On the other hand, here is the same point $P$ expressed using an orthogonal basis:

Now none of $\vec{v}_1$ or $\vec{v}_2$'s magnitude is cancelling out the other, but they solely tell us information about $P$. In this case, both coefficients decreased, but this won't necessarily be true when switching to an orthogonal basis. The point is to show that with an orthogonal basis, the coefficients carry real meaning so we can make more well informed choices about interpreting them.

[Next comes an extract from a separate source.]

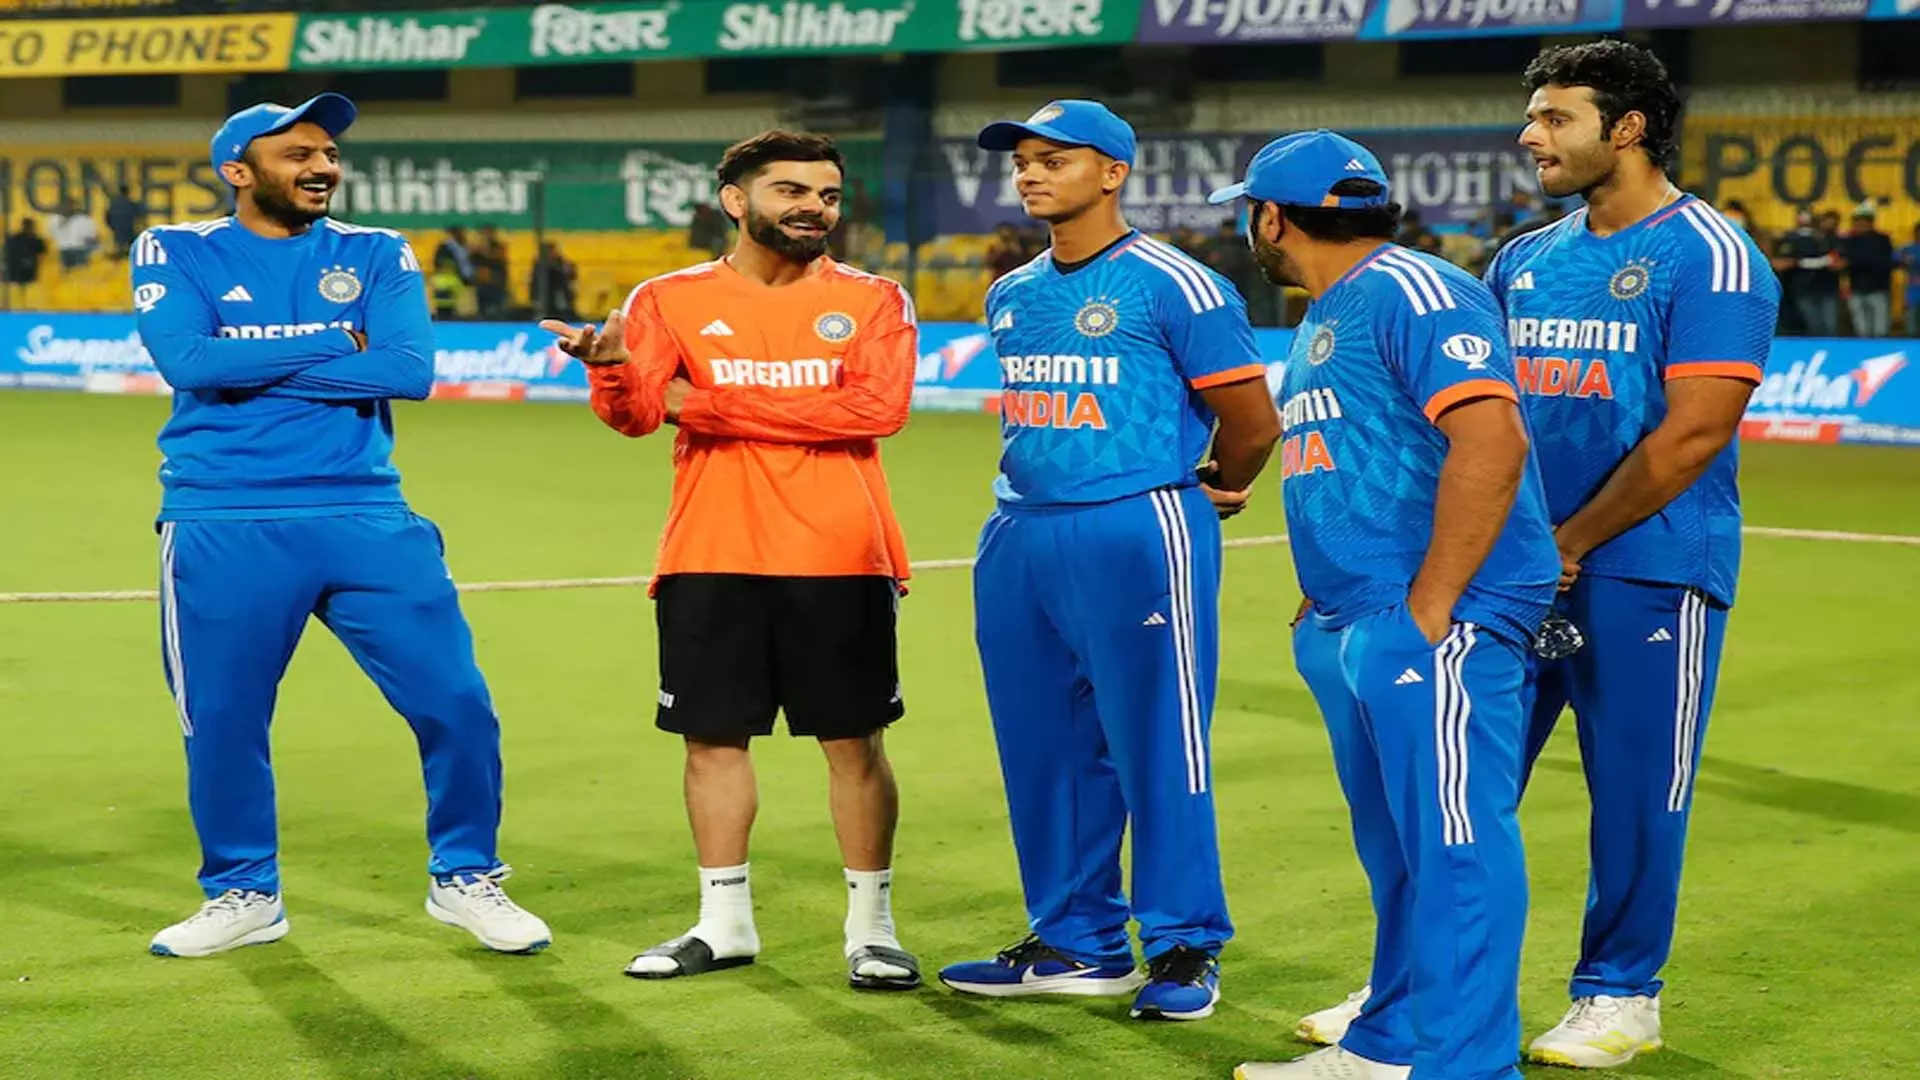 विराट कोहली, इंडिया ग्रेट चाहता है कि स्टार टी20 विश्व कप में बल्लेबाजी का स्थान त्यागें

In the case of singular value decomposition, it is important to know that the coefficients actually tell us how much that rank 1 matrix contributes to the final matrix. One application of this is image compression. If we know certain rank 1 matrices don't contribute much to the final image, we can discard them. This means the image will require less information to encode with little sacrifice to its visual quality.